Ray’s advice may not be “wrong,” but few financial matters are as simple as he makes them seem.
“Finance is a nuanced business and getting rich quick is often only for the lucky few,” Meadows said. “Beware of all the things that are left out of this council. If you listen critically, you will find that you don’t have the information: How much is the interest? Through whom is this? Is that institution insured? What are the rates? While some things may be true, just chaining numbers together using loose logic won’t make any quick money. I’ve always been told, ‘If it sounds so easy, why isn’t everyone else doing it?’ And while this might be a good investment for some, one size does not fit all.”
Don’t put a down payment on a house if you’re not required to
On another TikTok videoRay says it’s best to make the smallest possible down payment and then put the rest of the money you’ve saved for a house into an account with compound interest.
Why this is wrong: Alex Klingelhoeffer, CFA, CFP, in Exempt Wealth AdvisorsHe said this isn’t necessarily “wrong” advice, but it may not be the best advice for everyone.
“This advice comes from a good place,” he said. “If you can borrow at a low rate like you can with a mortgage (3-4%) and invest in the markets at 7-9%, you generally should. In fact, most people have a mortgage and they also have investments. What this advice ignores is the behavioral side of investing. Most people are going to lag the markets by a significant amount, watch the market drop, sell, and be disappointed in the experience. In fact, I’ve seen this happen countless times to people who come into my office in their 40s and have made the exact same mistakes in their 20s.”
In addition, a home is a safer investment than the market.
“The problem with this system is that it’s antifragile,” Klingelhoeffer said. “If you lose your job, experience a poor health outcome, or any other issue, your investments could decline at the same time you need cash.
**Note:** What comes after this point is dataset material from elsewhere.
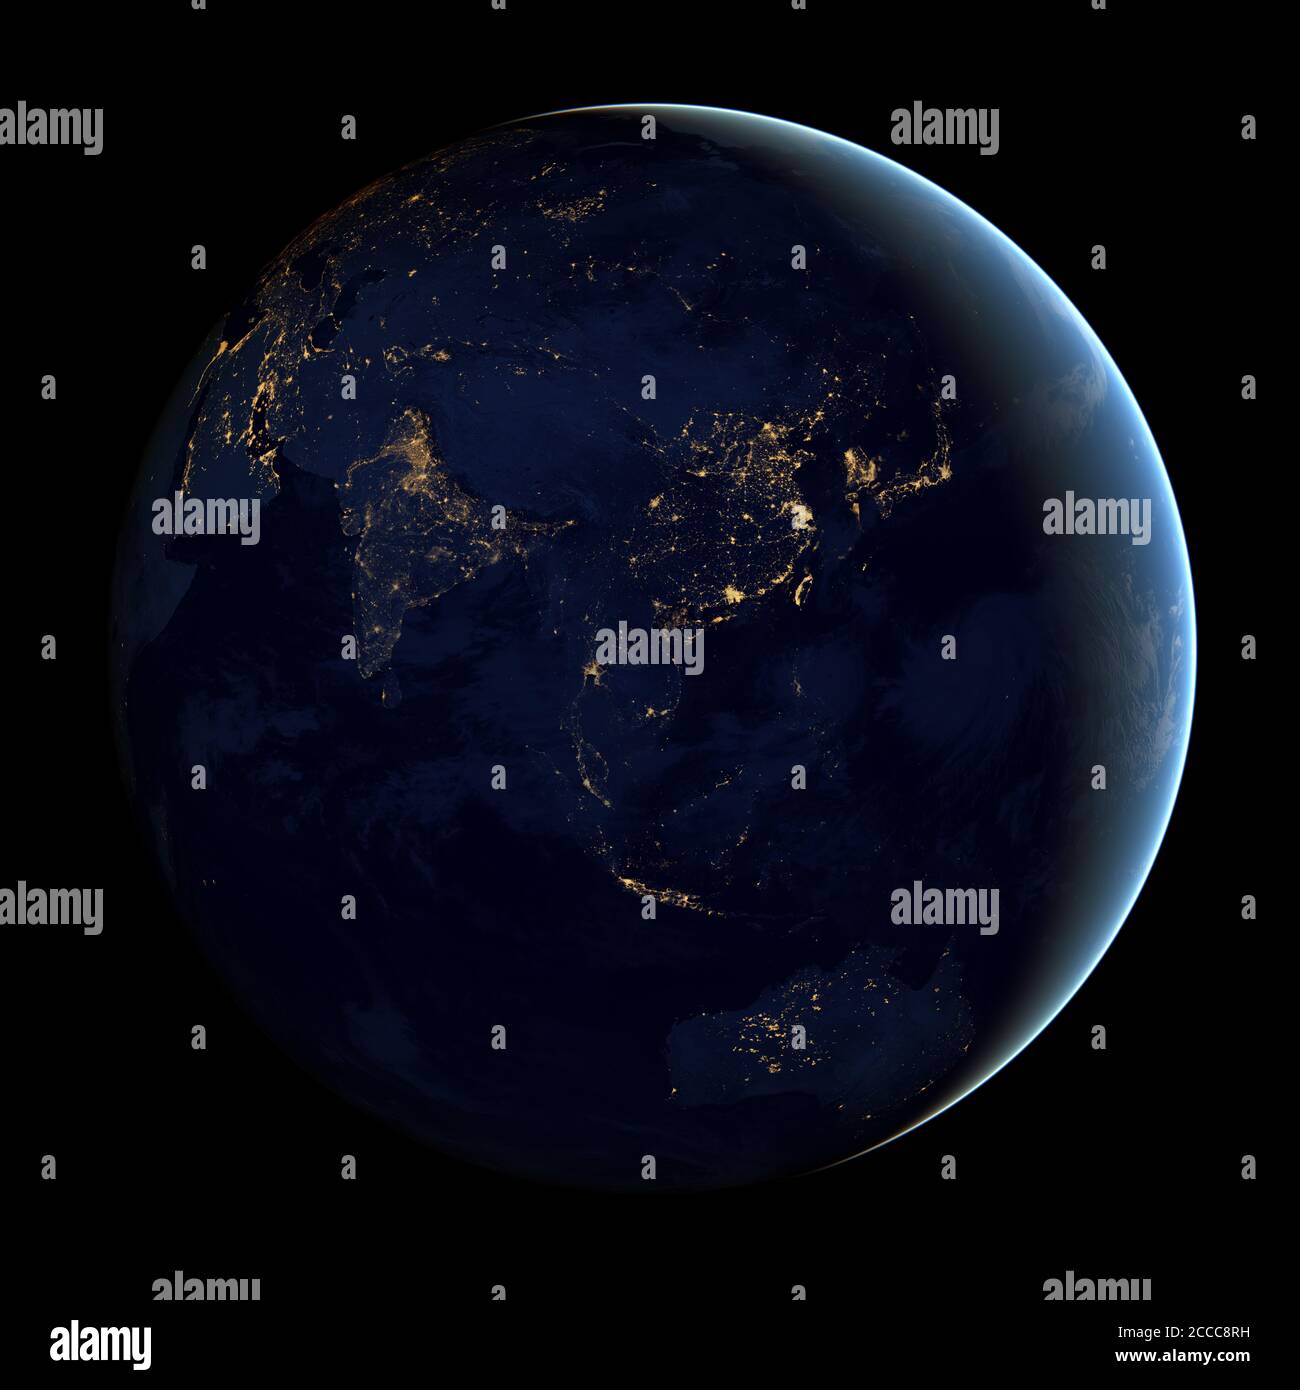 Questa immagine composita - fatta da dati satellitari della NASA - mostra l'emisfero dell'Estremo Oriente della Terra di notte - Foto: Geopix/NASA/Alamy Stock Photo Foto Stock

Is that money available in a HELOC? No, because if you only have a 3% down payment, you don’t have any substantial equity. Again, this is coming from a good place, and on a spreadsheet, I can make anyone a billionaire with enough leverage. In the real world, the changes will kill this strategy.”
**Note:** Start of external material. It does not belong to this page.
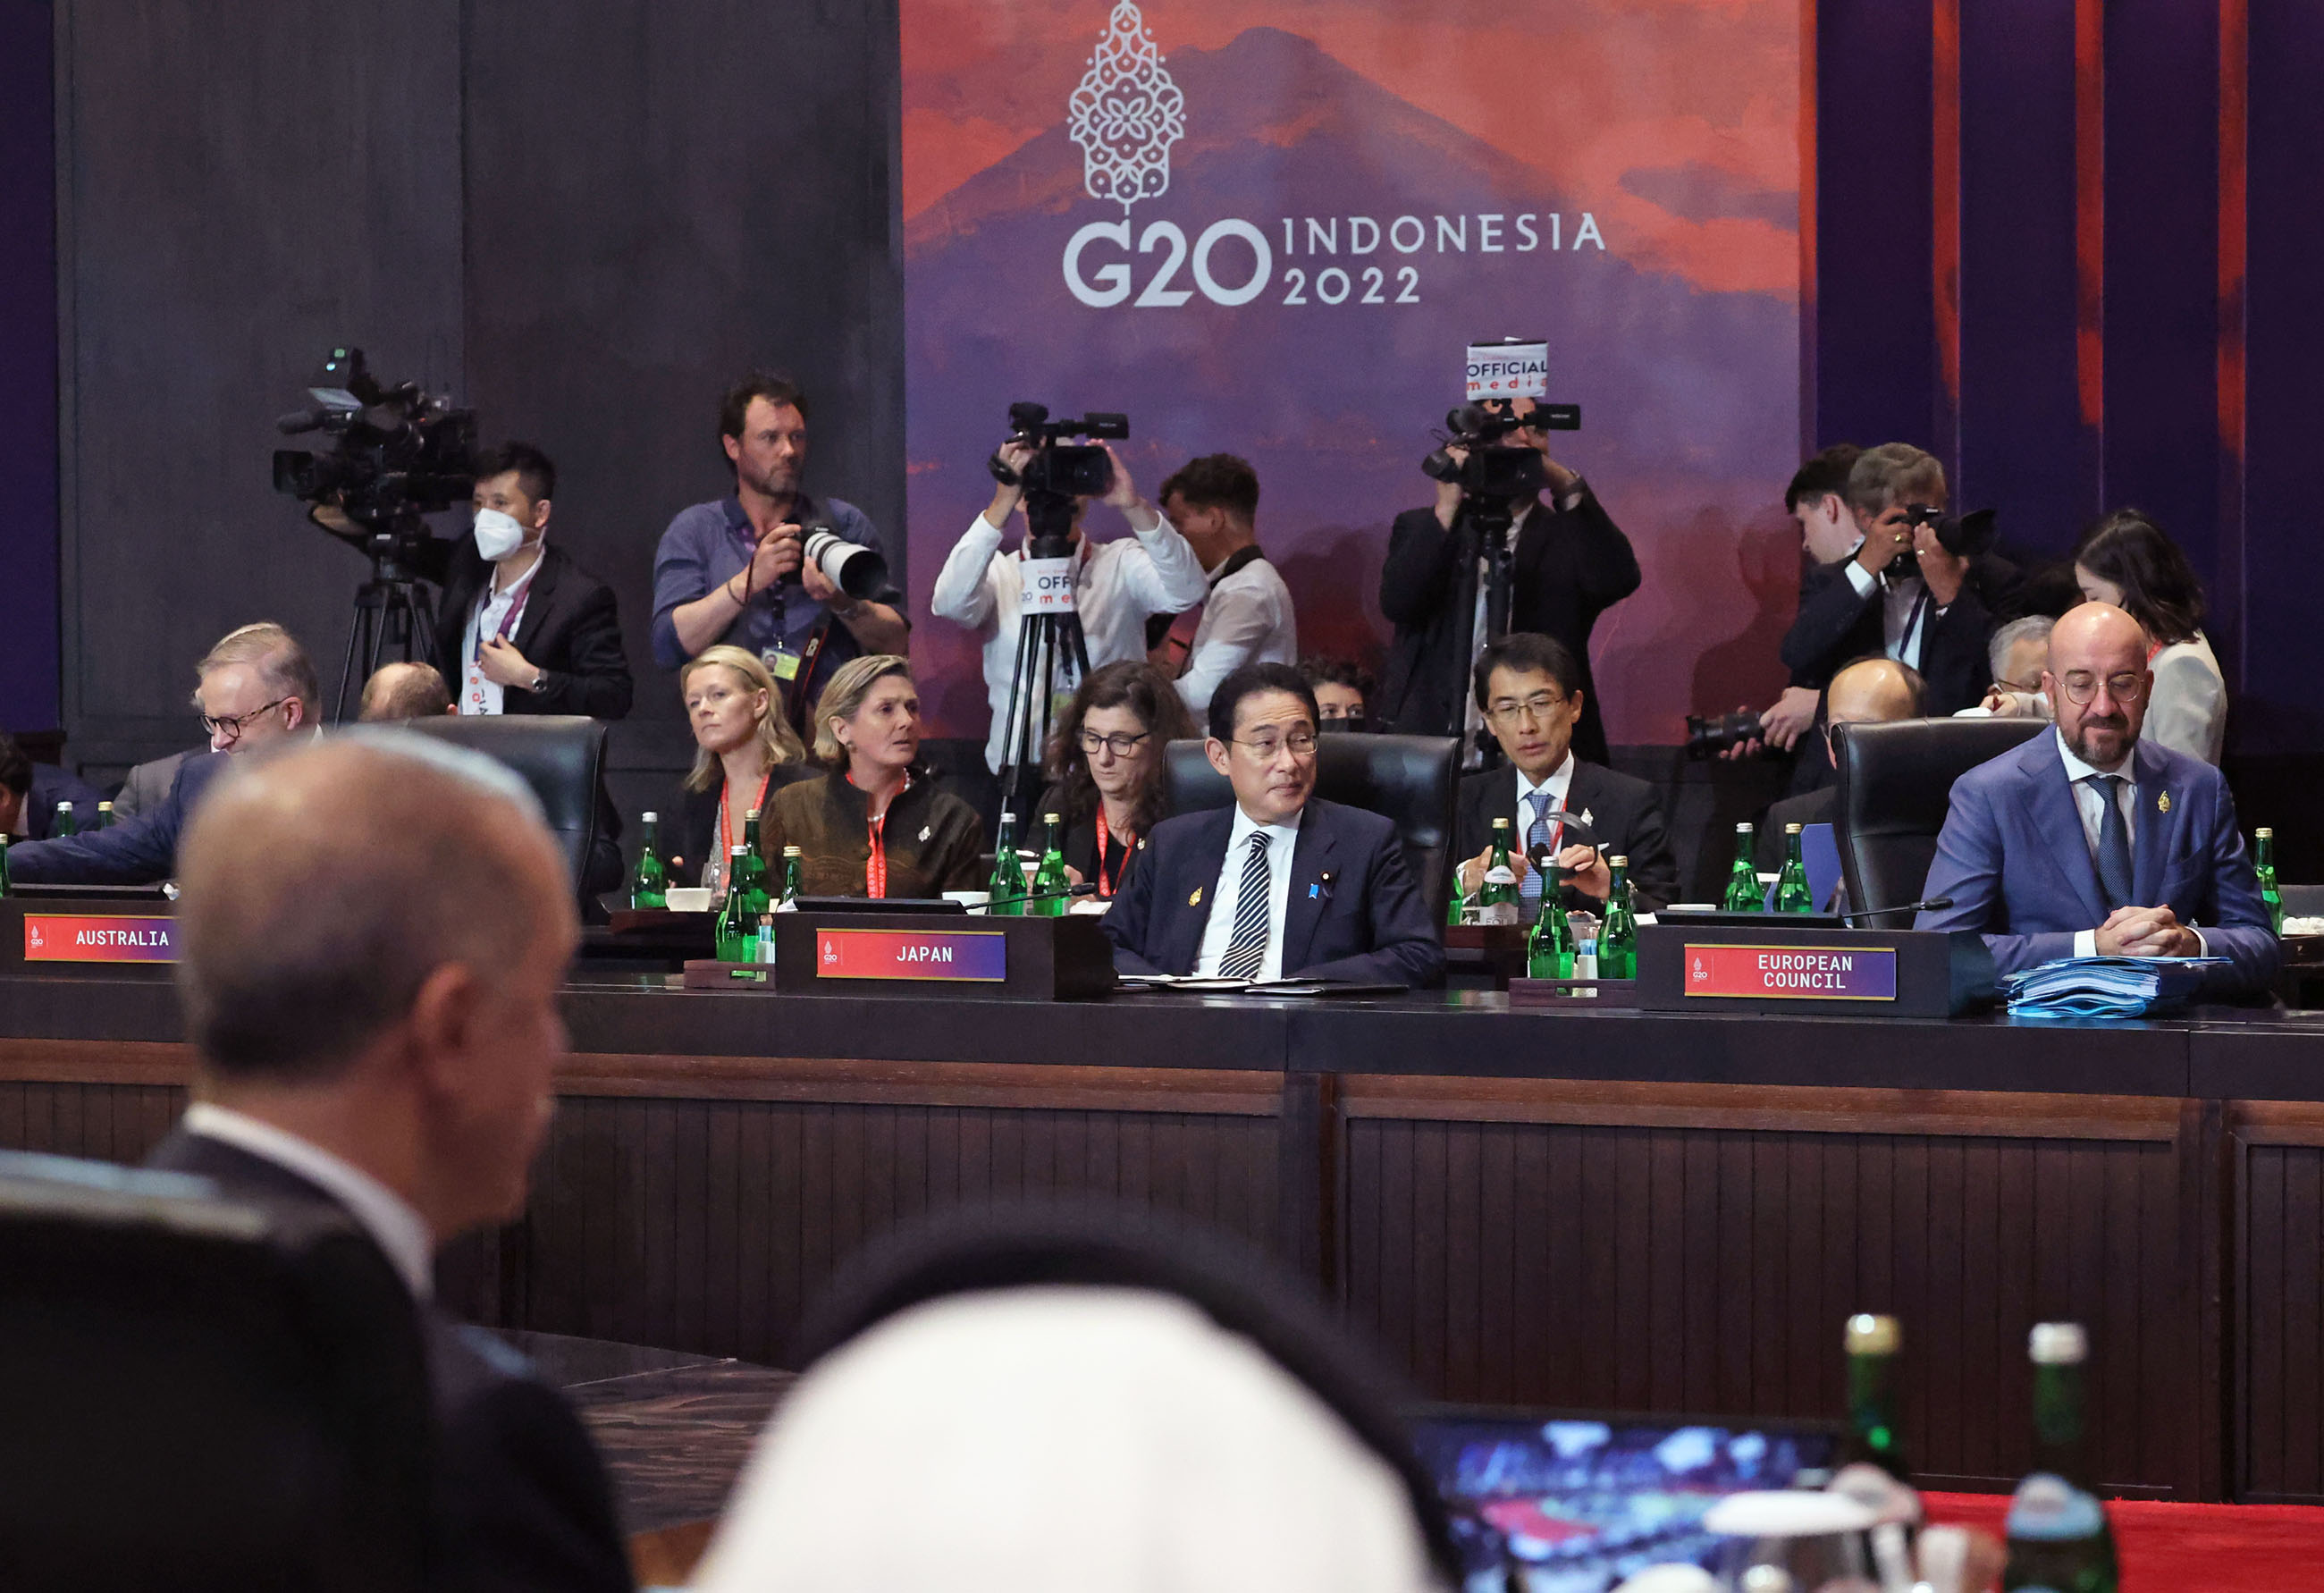 G20 Bali Summit: First Day

Buy soon in newer cryptocurrencies will make you rich
tik tok user @superhexwin He suggests buying new cryptocurrencies, like HEX, as a way to get rich, noting that people who bought bitcoin and Ethereum before are now extremely wealthy.
Why this is wrong: “Yes, assets can and do increase astronomically. It is famous that two pizzas were once sold for 10,000 bitcoins that would now be worth $350 million,” Klingelhoeffer said.
However, the rise of bitcoin does not prove that all cryptocurrencies on the market will experience the same increase in value.
“The primary use of cryptocurrencies is as a dumber item, meaning you buy it to sell to someone else,” Klingelhoeffer said. “There are many currencies today and 99% of them will lose their value in less than three years. Why? There is a finite supply of people willing to put a large portion of their net worth into crypto and those who do will want some liquidity. Until there is a coin with demonstrable real-world utility better than traditional banking in terms of functionality, power consumption, and most importantly, legality, crypto is just a space to speculate and see if it can win. I don’t envy people who go to the casino for the same reason. It’s fun: buy with what you can afford to lose.”